Task objective: Copying rule for the data below: pictures stay out, and only the lines from the one with "The 10 Best" down to the one with "Embroidered Solid Beanie", inclusive, are repeated exactly.

Available data:
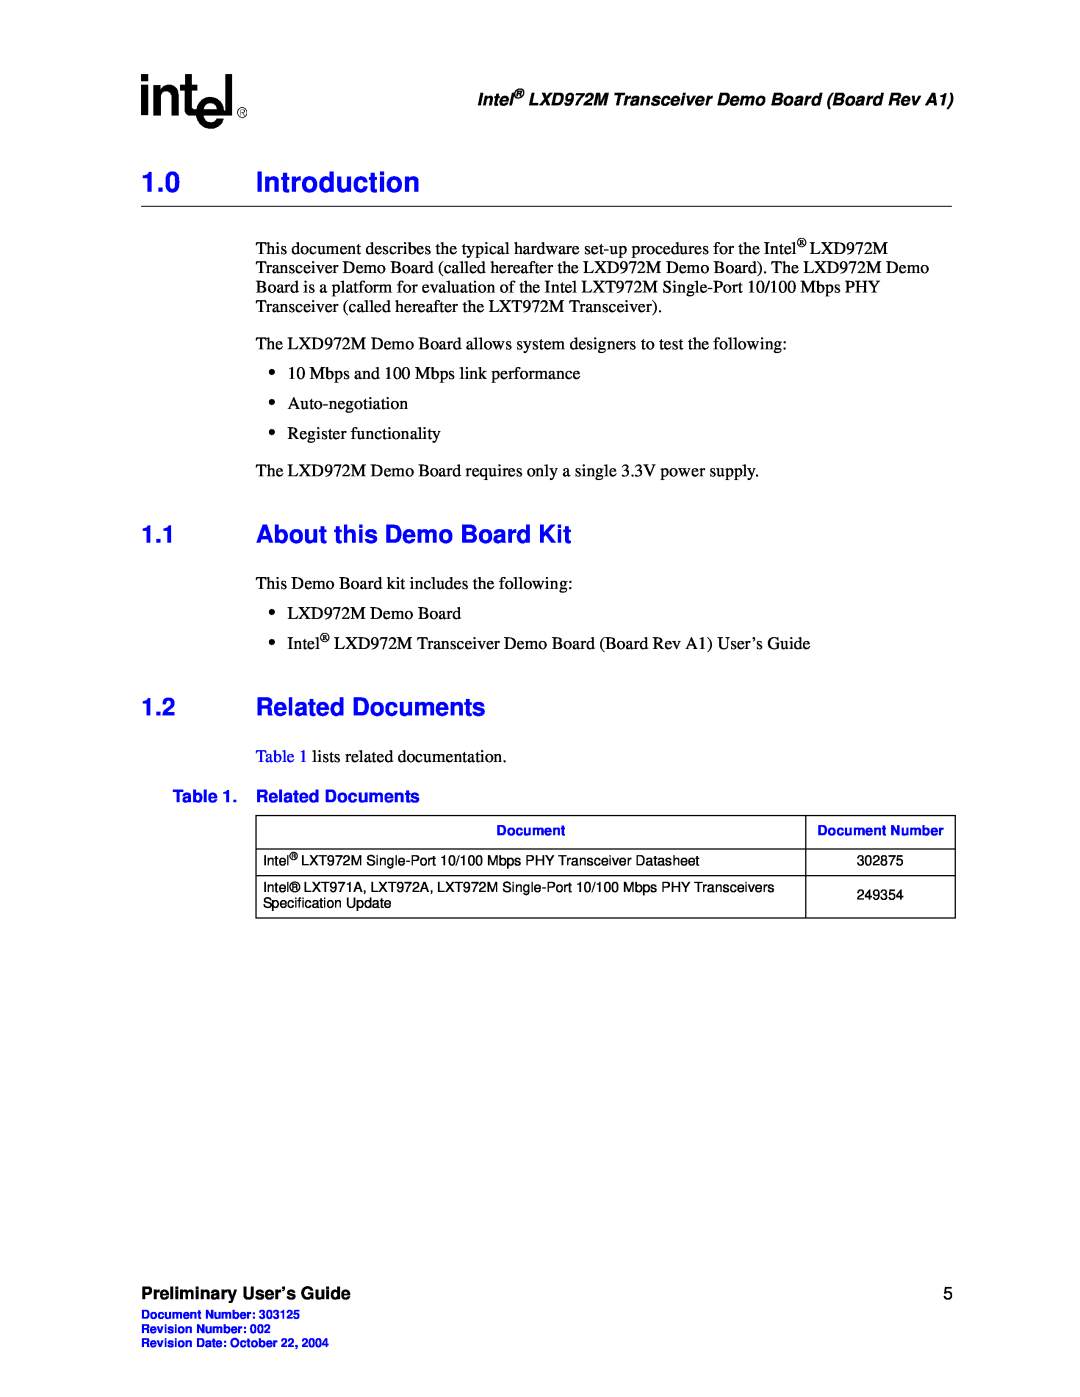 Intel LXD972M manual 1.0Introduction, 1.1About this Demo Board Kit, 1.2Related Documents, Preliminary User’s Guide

...

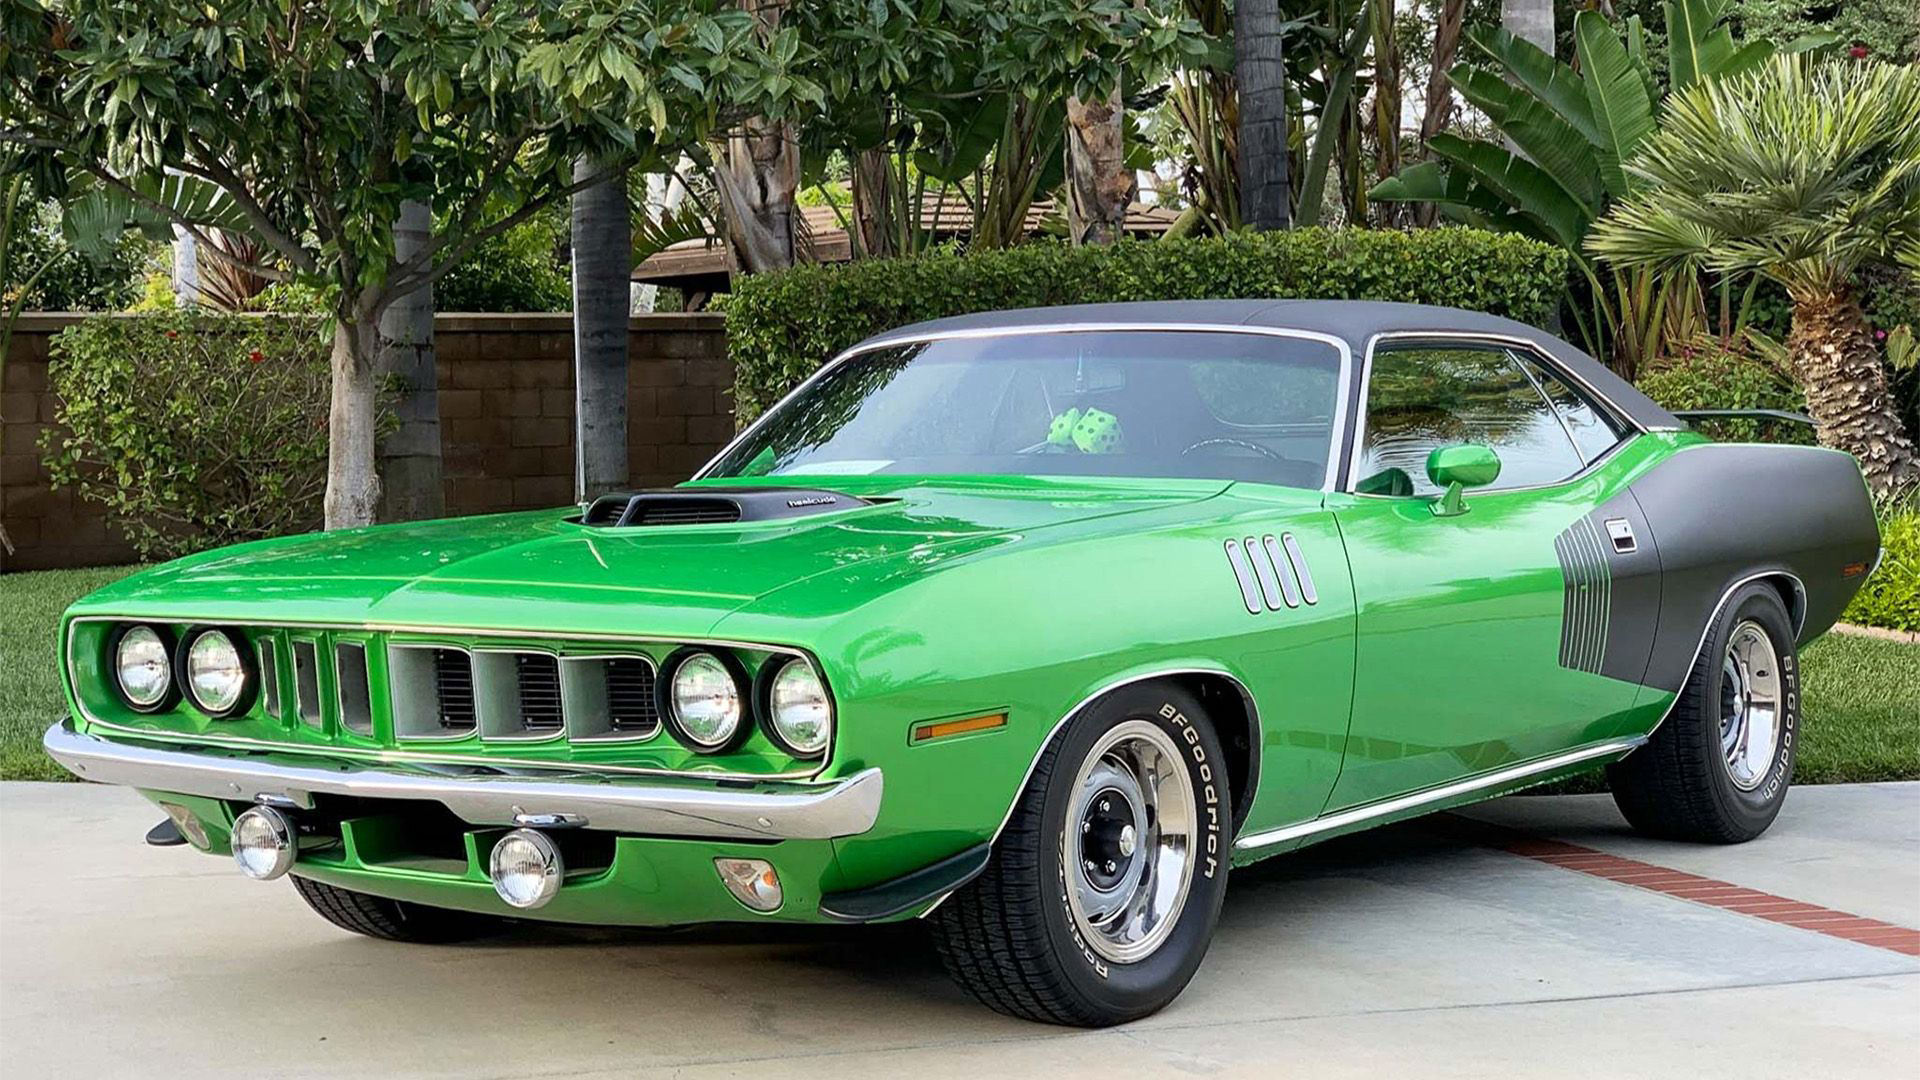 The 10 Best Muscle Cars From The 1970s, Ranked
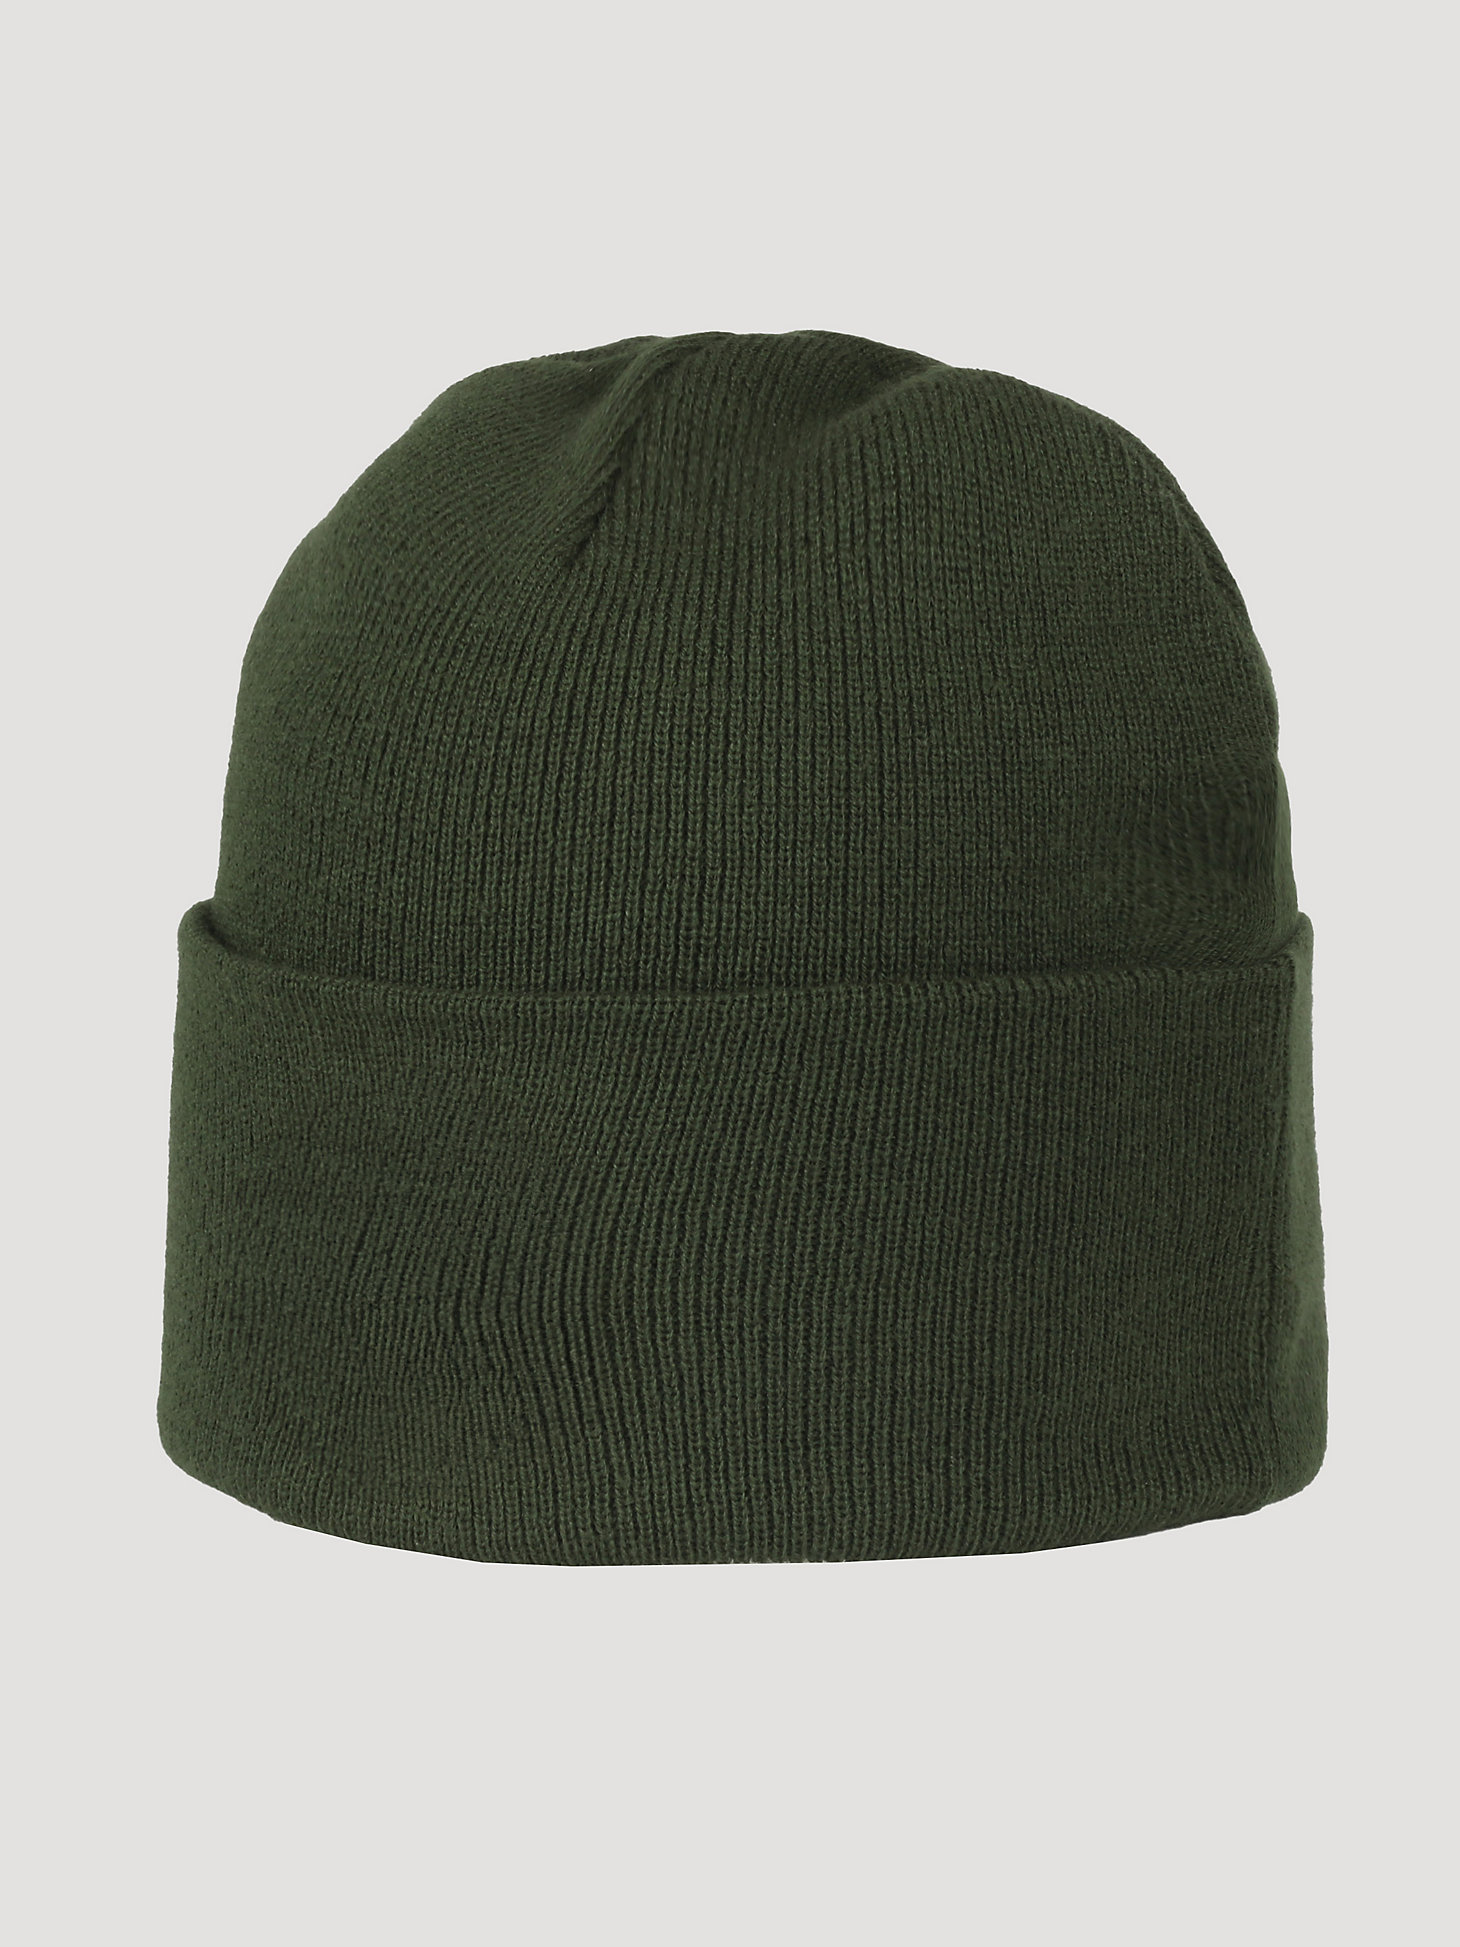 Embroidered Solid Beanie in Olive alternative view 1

* * *

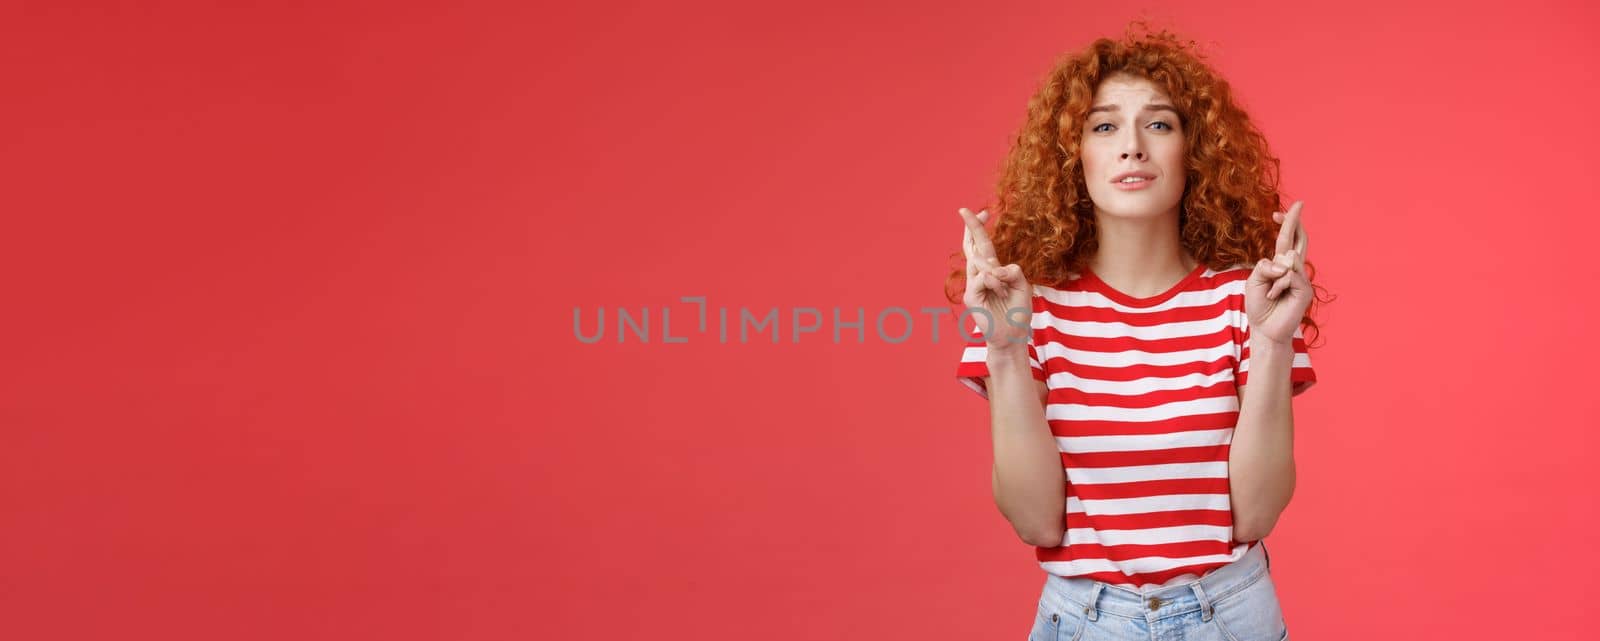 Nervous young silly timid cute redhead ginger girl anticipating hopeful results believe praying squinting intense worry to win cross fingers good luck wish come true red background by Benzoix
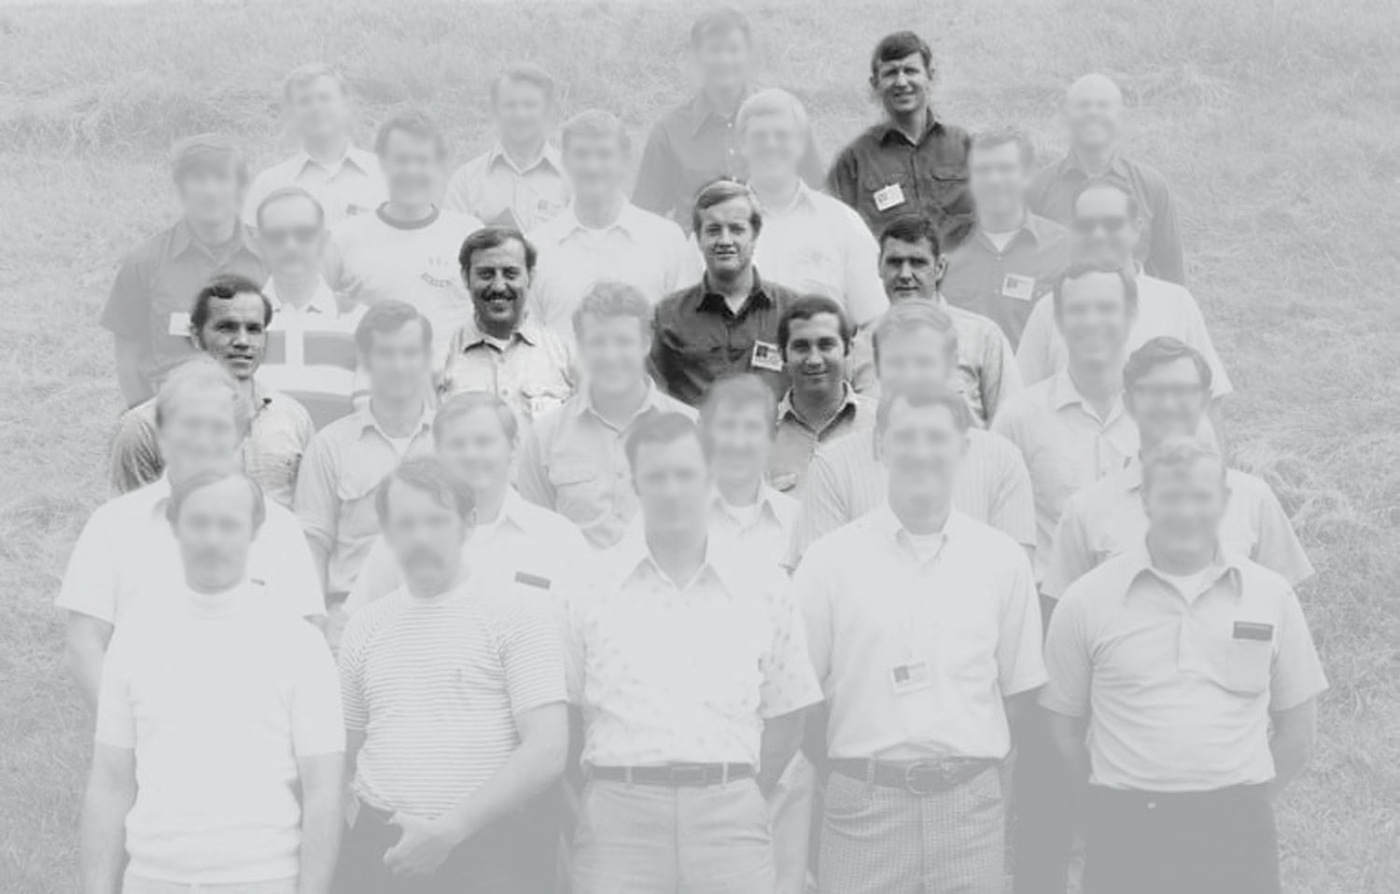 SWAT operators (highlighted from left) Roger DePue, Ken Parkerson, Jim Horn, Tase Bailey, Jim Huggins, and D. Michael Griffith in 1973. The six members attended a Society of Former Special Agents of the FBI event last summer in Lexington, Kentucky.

Result of this task:
 The 10 Best Muscle Cars From The 1970s, Ranked
 Embroidered Solid Beanie in Olive alternative view 1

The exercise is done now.